Look below for the line holding "InterestPrint Close-Up Pug" and the line holding "LED-taklampe Pronto 33 x 33 cm". Transcribe exactly those lines and all lines between them, nothing more.

**Source data**

___

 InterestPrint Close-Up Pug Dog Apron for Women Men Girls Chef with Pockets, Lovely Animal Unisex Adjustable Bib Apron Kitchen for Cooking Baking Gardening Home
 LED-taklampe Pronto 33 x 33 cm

___

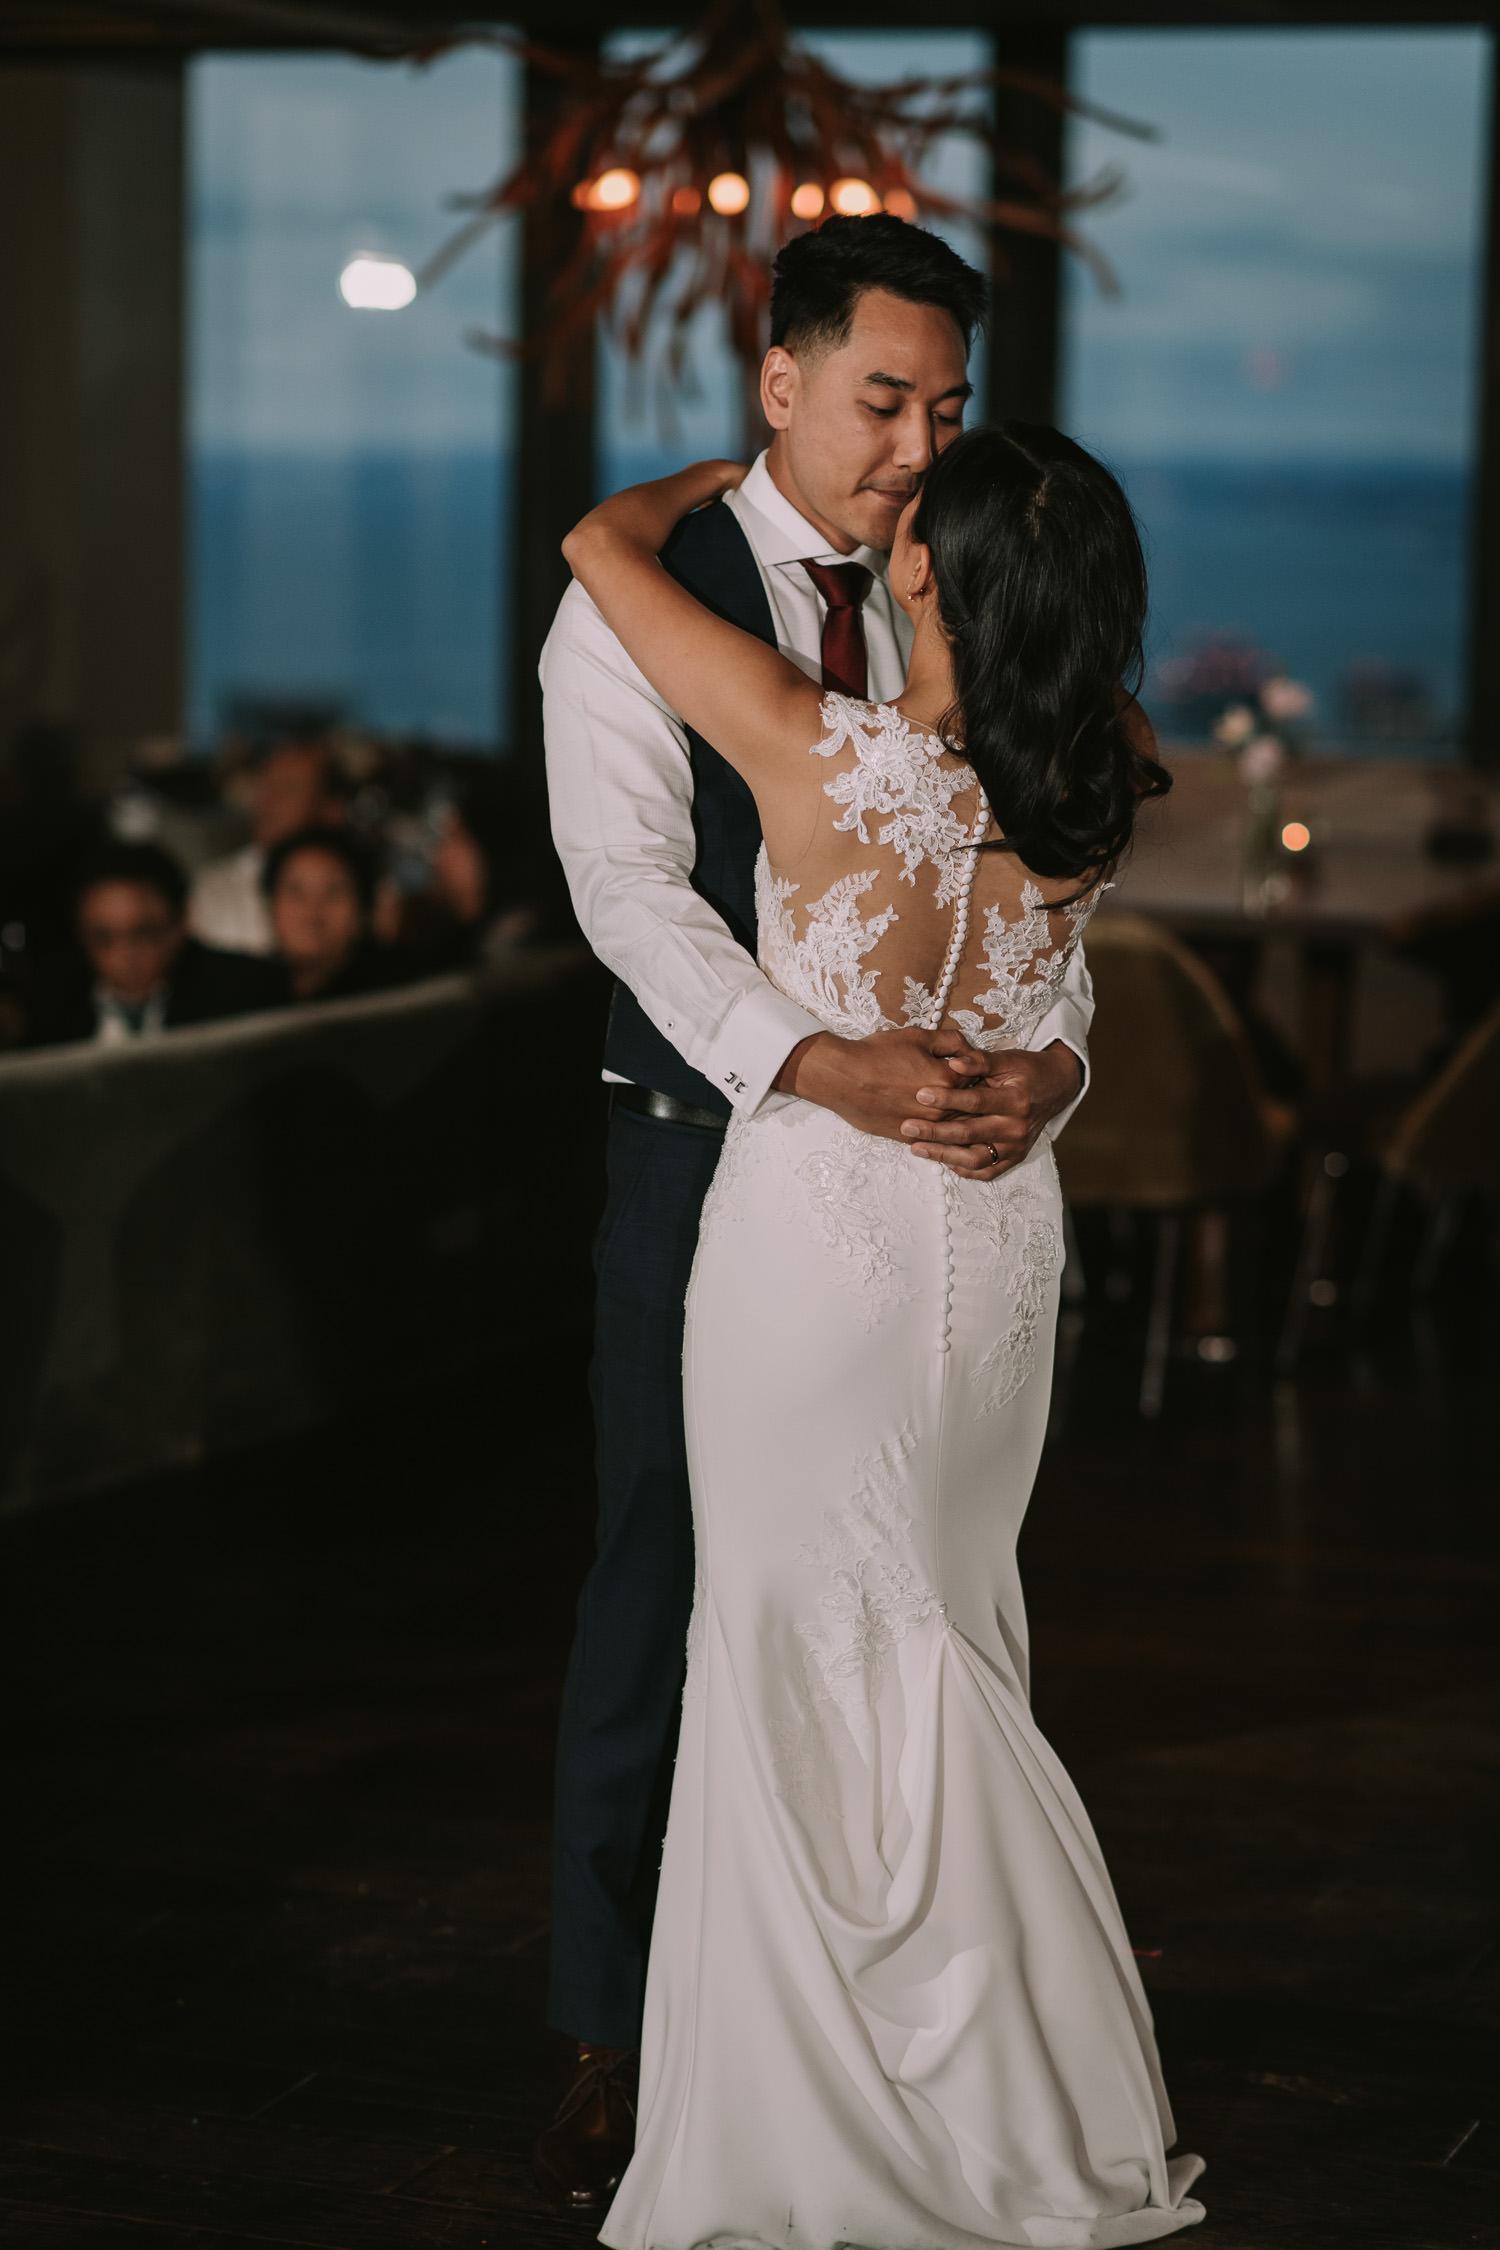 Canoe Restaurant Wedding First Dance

___

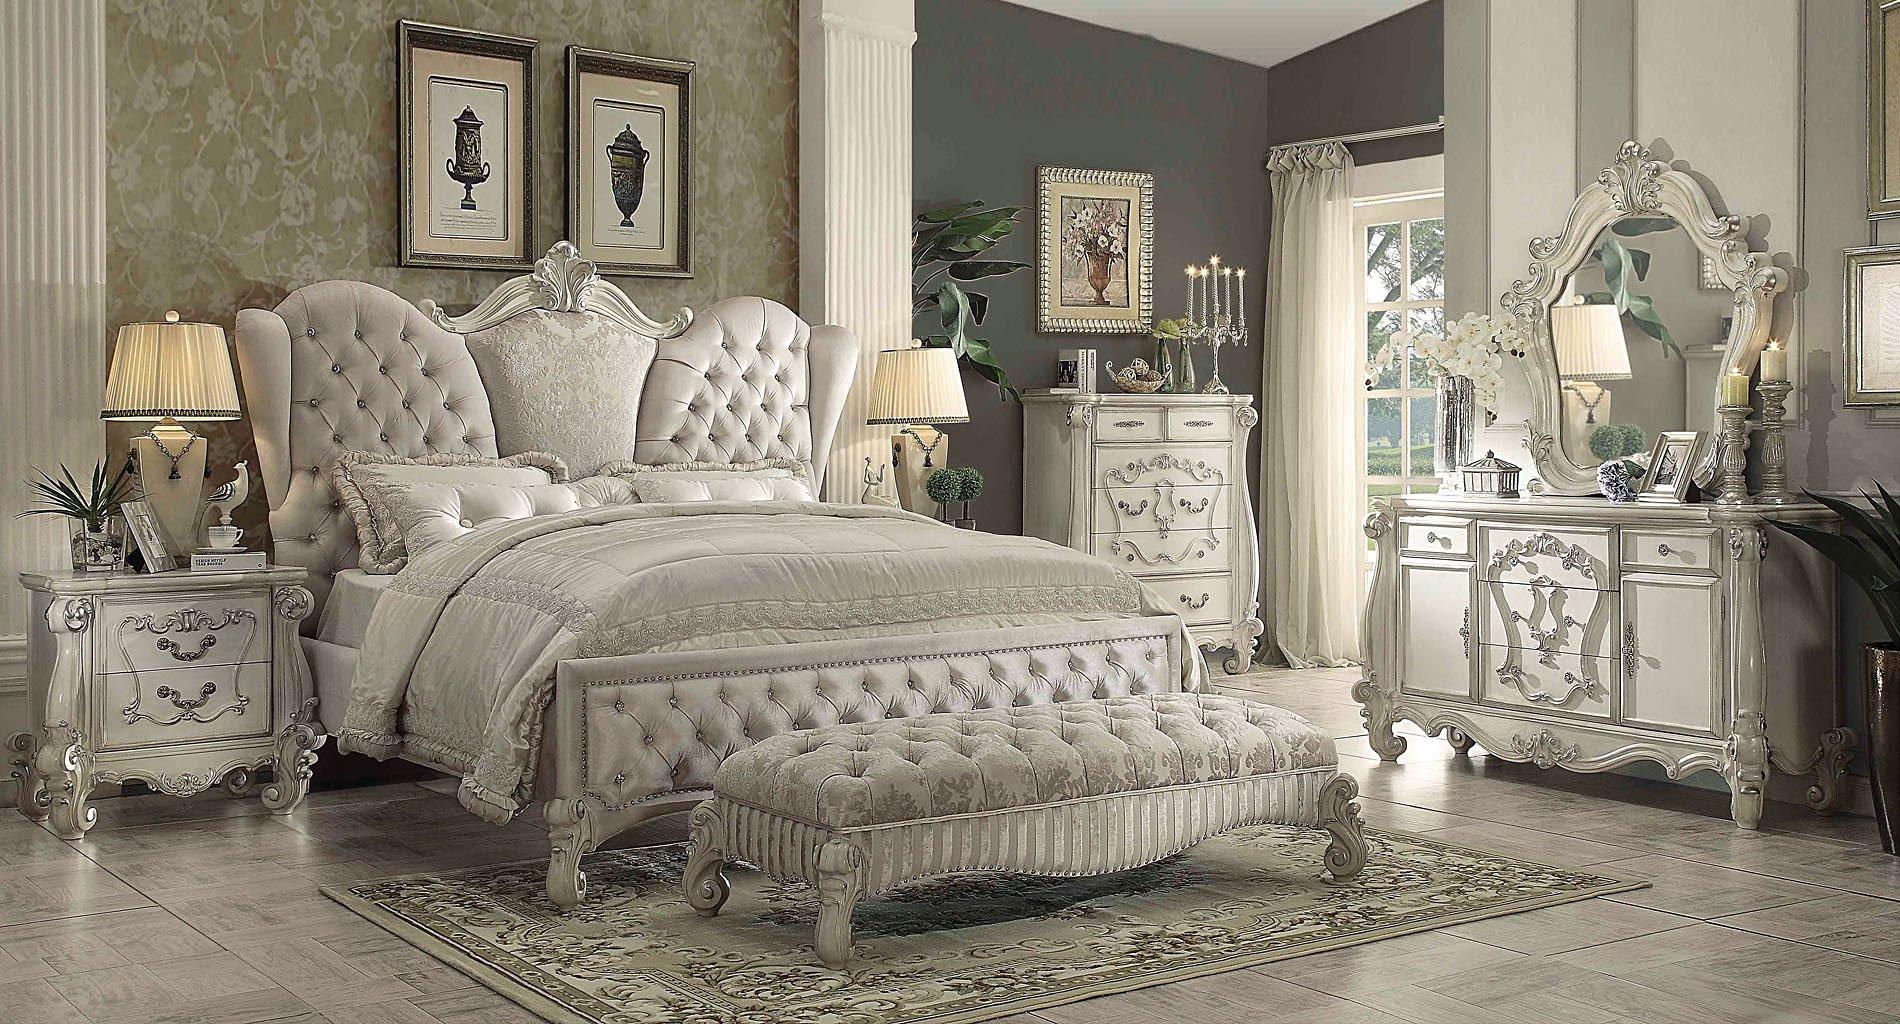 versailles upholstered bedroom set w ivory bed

___

**Problem solution**
 InterestPrint Close-Up Pug Dog Apron for Women Men Girls Chef with Pockets, Lovely Animal Unisex Adjustable Bib Apron Kitchen for Cooking Baking Gardening Home
 LED-taklampe Pronto 33 x 33 cm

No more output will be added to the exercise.